According to ministry figures, more than 18,000 students with foreign passports studied in Israeli yeshivas last year. The yeshivos are said to receive up to around NIS 10,000 per month for each student, amounting to more than NIS 120 million a year.

The number of foreign yeshiva students has increased in the last two years despite the outbreak of the Intifadah in October 2000. At the start of 2000, there were fewer than 16,000 yeshiva students from abroad. That number increased to 17,000 in 2001 and now stands at more than 18,000, according to Religious Affairs Ministry officials.

A chareidi observer said that the government should applaud the evidence of yeshiva loyalty to the Israeli community rather than assuming that the rise is the result of fraud. In the past, all monitoring has shown that the yeshiva figures are substantially accurate, though government officials often refuse to believe the results.
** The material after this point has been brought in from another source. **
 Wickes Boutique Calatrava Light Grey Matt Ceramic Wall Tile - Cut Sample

Chareidi spokesmen have never protected or apologized for those who defraud the government. They call for them to be caught and punished, especially since such activities -- if they take place -- stain the entire chareidi community.
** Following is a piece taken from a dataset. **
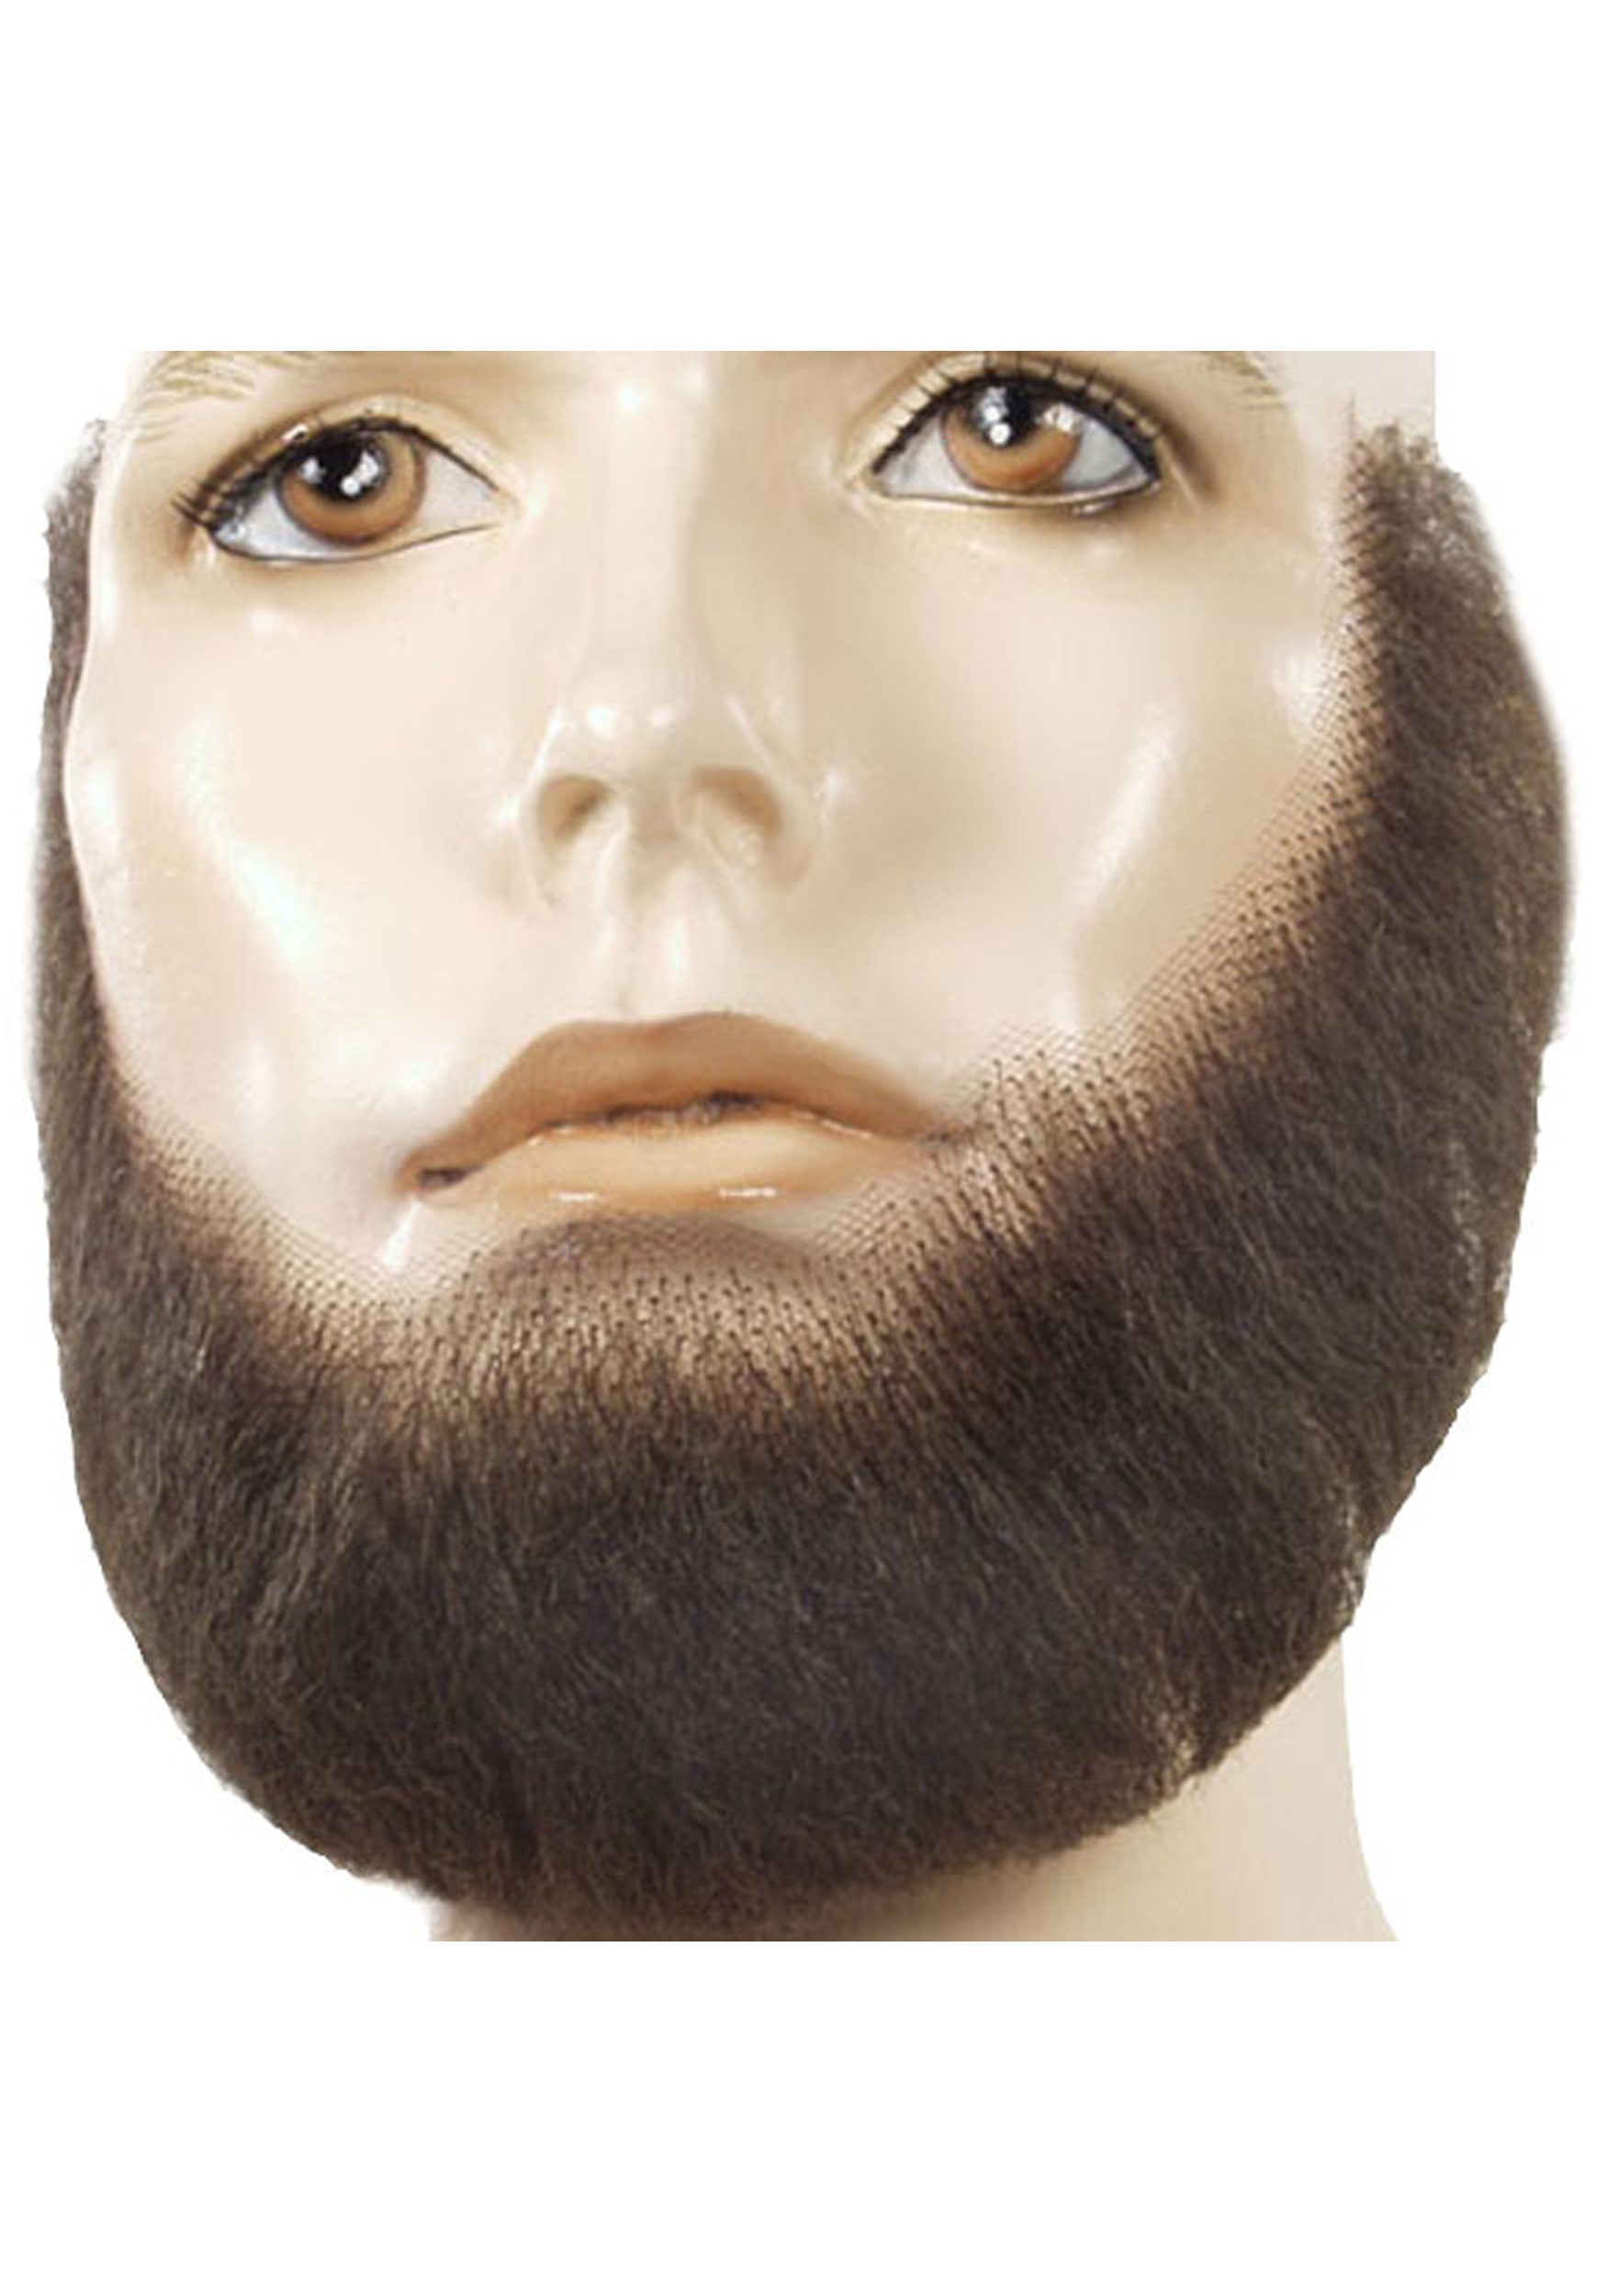 HowTo Make A Fake Beard Fake Beards, Fake Beard Diy, Diy Beard Fake

On the other hand they have objected to putting unusual burdens on the law-abiding Torah community that are not applied in other areas, under the assumption that there is widespread abuse. There is no reason to believe that this is true and, on the contrary, all efforts to uncover such abuse have so far found nothing significant, that should lead even a skeptic to believe that there are no unusual abuses in the Torah community.

A Religious Affairs Ministry spokesman said that a basic correlation of data had been carried out. He said that in addition to coordinating data with the border police, the ministry is acting to prevent double reporting of yeshiva students by means of random checks carried out by a new supervisory department.
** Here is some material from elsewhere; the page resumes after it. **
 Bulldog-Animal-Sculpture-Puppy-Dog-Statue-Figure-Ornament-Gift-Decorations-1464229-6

The ministry and the postal services have recently reached an agreement according to which foreign yeshiva students would register at post offices three times a year.

The Finance Ministry and Justice Ministry have also proposed a new system of sanctions that would be applied against yeshivas that report "fictitious" numbers of Israeli students to receive additional government funding.

The treasury has long claimed that the number of yeshiva students funded by the Religious Affairs Ministry is inflated. This number totaled approximately 221,000 at the end of 2001, which includes all religious students from the age of 16 on up, both males and females. Secular critics often do not distinguish between the different school systems, sometimes lumping men and women together and sometimes referring only to the men.

A number of attempts have been made in recent years to curb the phenomenon of false reporting, but these have always found the numbers to be substantially honest.

The new proposal does not explicitly mention yeshivas -- it refers to "public institutions that have violated the conditions for receiving support" -- but officials at the Religious Affairs Ministry understand that it is mainly aimed at yeshivas.

The proposal sets automatic sanctions if more than 15 percent of the reported students are not present during an inspection of the institution, providing that funding will be immediately suspended until an investigation is completed.

Inspections have been carried out in Torah institutions for several years though they have found no special discrepancies. Last year the Treasury made a splash in the press saying that 20-30 percent of the students in many yeshivas were not present at inspections, but it later turned out that most of these were small kollelim of 10-15 students or less, where two or three were missing. The total amounts of problems were trivial when set against the overall numbers, indicating that there may have been problems at those individual institutions but no pattern of widespread abuse.

No inspections are carried out in similar institutions that receive much more money from the government, both in absolute and in relative terms, like universities and trade schools. Therefore it is difficult to put anything found into perspective.

The Religious Affairs Ministry has called the proposed measures "draconian," arguing that "their sole purpose is to strike a blow at yeshivas." Some yeshivas have already begun to prepare a legal strategy for dealing with the proposed measures.